The Myth of Wide-Wide
If you aren’t getting over the gain line, you cannot play a wide-wide game with any reliability. The way you hear wide-wide discussed, you’d swear it was all about getting the ball wide as quickly as possible but that isn’t the way Connacht played the game when they were at their best. They first set a ruck platform over the gain line through the likes of Dillane, Muldowney, Aki, Henshaw or someone and when they got that platform, that’s when they struck wide. When you don’t get over the gain line, you can’t play wide-wide and expect to be successful.
So for Munster on Saturday, stopping Connacht’s forwards was a key part of the job. Obviously, says you, but the way they went about it was key from the start. Munster were right on the edge of offside when they were taking it to Connacht’s pack in the early exchanges. The first few minutes of a game are when teams let each other know what to expect for the rest of the 80 minutes. The message Munster delivered here was pretty stark.
Stopped around the fringes and beaten back.
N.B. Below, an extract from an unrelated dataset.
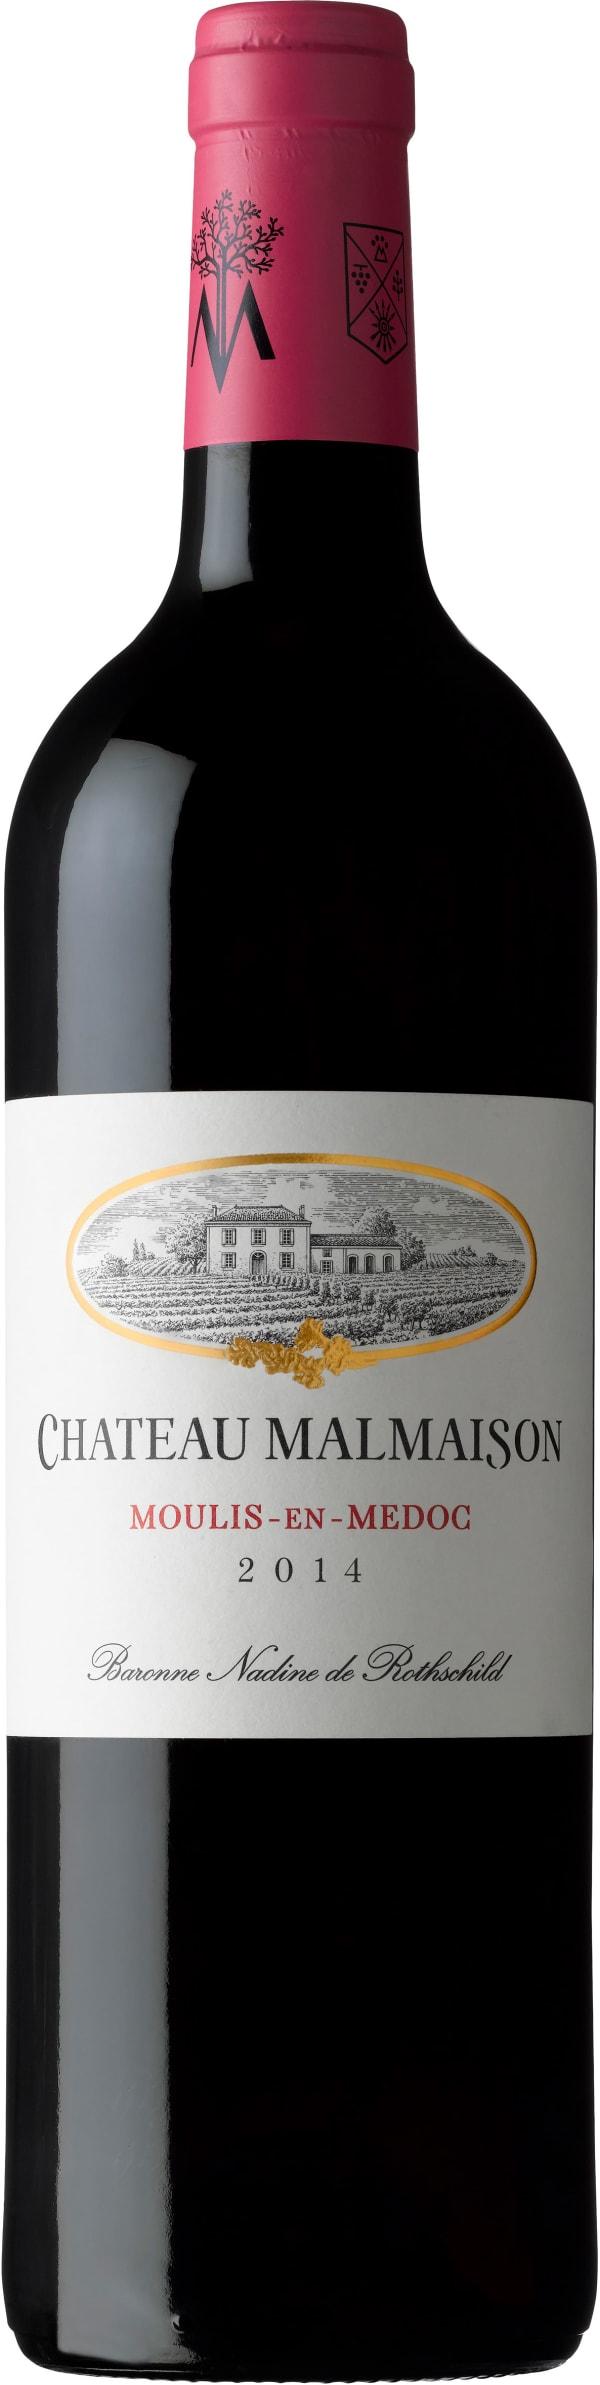 Chateau Malmaison 2012

Connacht’s forwards were on the back foot immediately and coughed up a turnover. It’s a small moment in the grand scheme of things, but a big moment in the story of the forward battle.
That set the tone for Connacht’s carrying all game long. Their forwards just couldn’t make the kind of dynamic strikes on the gain line that their game plan required and that meant nothing but slow ball and set defensive lines.
In the above GIF, Connacht are in a threatening position but are not threatening in their actions. This is something Munster fans watching the first half against Saracens will remember quite starkly. Every tackle was a physical and psychological statement.
Munster would bring this enhanced physicality to all of their defensive work in this game.
It follows a philosophy that defence is attack in that it allows you to attack the opposition at all times, not just when you have the ball.
Stopping Connacht on the gain line is just the start. On Saturday, Munster speared into Connacht’s outside channels to funnel their smaller midfielders into the meat grinder of the Munster blitz.
Here’s an exaggerated version of how Saracens’ operate the same principle.
Munster have used this same movement to varying degrees this season but it was especially prevalent on Saturday.
Here’s an exaggerated sample;
This prevents Connacht from using their heavy first receiver option that’s been so critical to their success. Even when Connacht stepped back from the gain line to draw out the Munster blitz, Munster found a way around.
Here, you see Billy Holland busting a gut to cut off that outside ball option and force Connacht back inside.
Great read. And when you look at the number of players Connacht burned to support the ruck, you get a picture of Munster’s dominance here.
Connacht weren’t great by any means, let’s be clear. They’ve regressed badly this year for certain, but the way that Munster shut down their entire game was interesting to see. The slight tweak to Munster’s defensive system and the ruthless execution of the defensive plan impressed me and showed a lot of elements that may come into play as the season concludes.